Il soupire, presque au bord de la crise de nerfs.

Je me lève pendant qu'il se rassoit, son costard toujours souillé de café.

— Ce fut un plaisir de te revoir, Mackay. Passe une bonne journée et n'oublie pas de rester loin d'Andra.

Au moment où mes doigts touchent la poignée, prêt à sortir, il m'interpelle avec un ton plus conciliant :

— Tu sais, Roman, ton père n'est plus là, mais je crois qu'il aimerait que je te mette en garde. Tu n'as que dix-huit ans, tu hérites d'une fortune colossale, tu es multimillionnaire, fiston... tu commences à comprendre le pouvoir que tu as. Comme il est si facile d'écraser les gens, d'avoir des privilèges illégaux, de se tirer d'affaires, d'effacer des dossiers, de payer des gens pour obtenir ce qu'on veut. Être populaire et profiter des filles et du sexe à volonté.
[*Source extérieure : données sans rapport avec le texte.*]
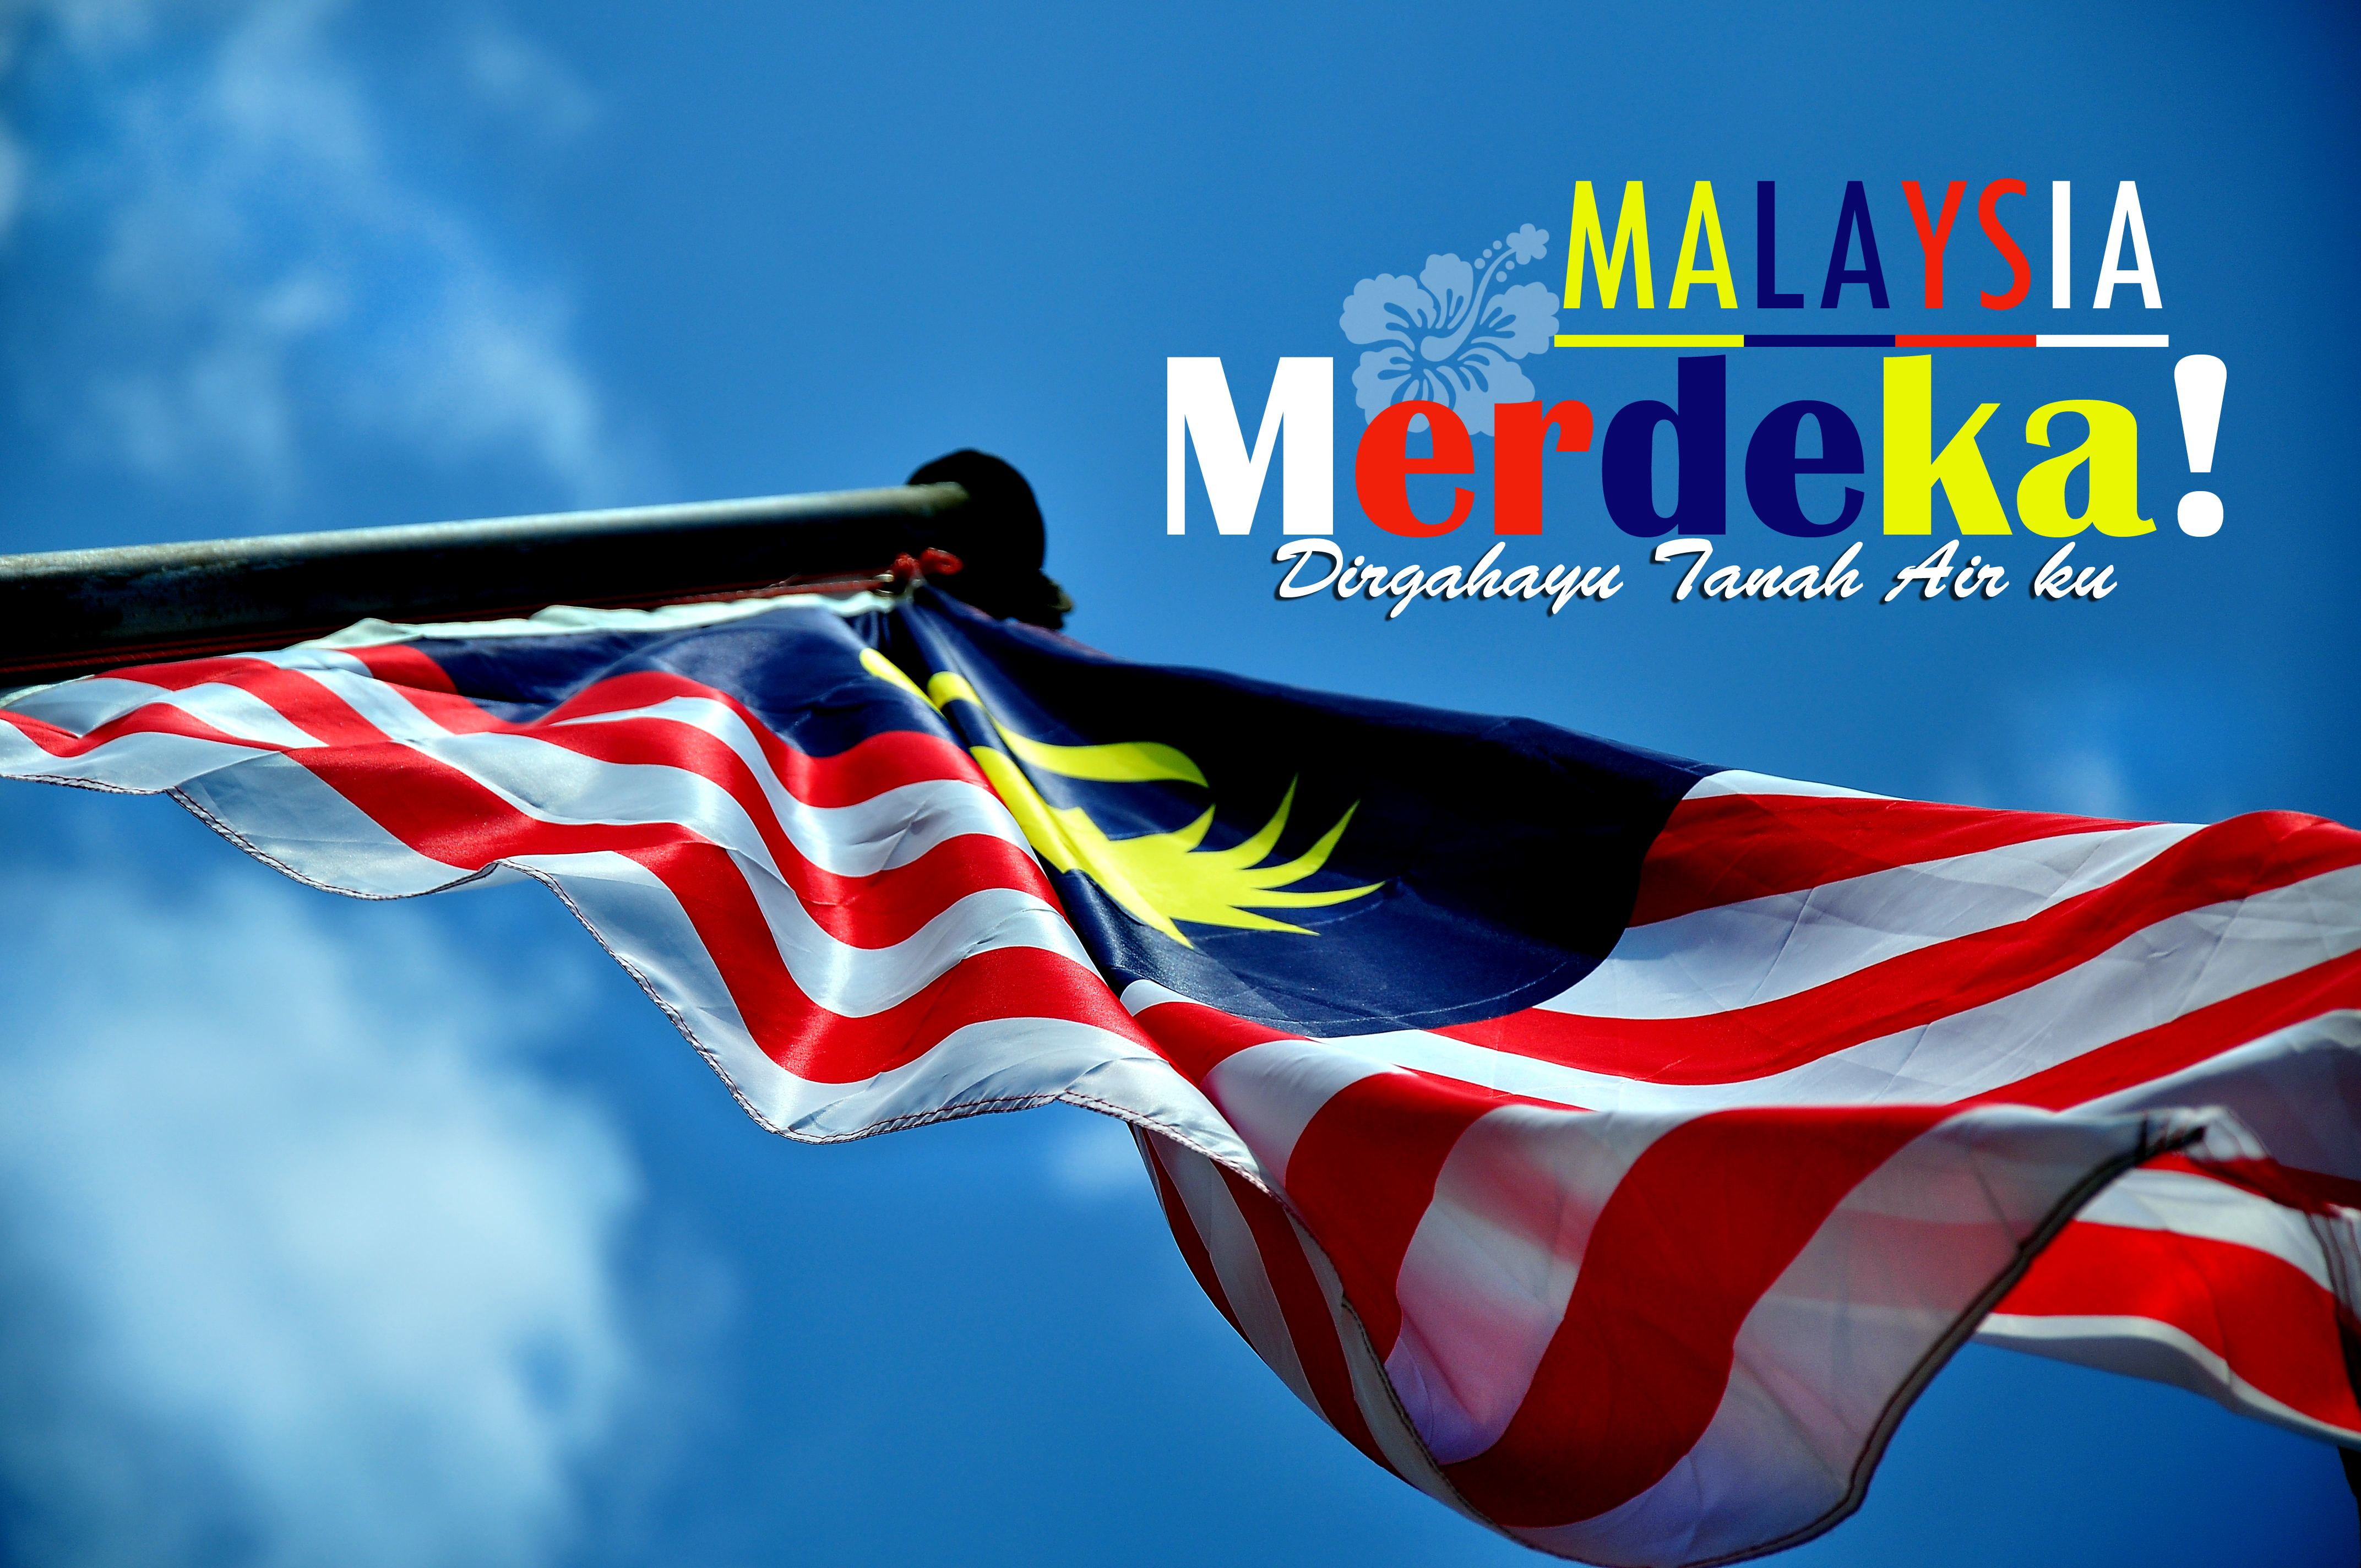 Malaysia Merdeka Day 2014

Mais attention, car quand on se croit au-dessus de tout, c'est à ce moment-là qu'on franchit une limite et qu'on commet des actes... regrettables.

Je le dévisage par-dessus mon épaule.

— C'est ce qui est arrivé à ton père et... à moi, qui profitais de tout ce que sa notoriété m'apportait puisque je faisais partie de son club privé et étais son meilleur ami. Fais attention Roman à ne pas déraper, à ne pas franchir la ligne des avantages que tu as, sinon tu sombreras dans les vices. Une fois qu'on y est aspiré, on devient la pire version de nous-même...

J'ignore ce qu'il me dit et disparais de son bureau.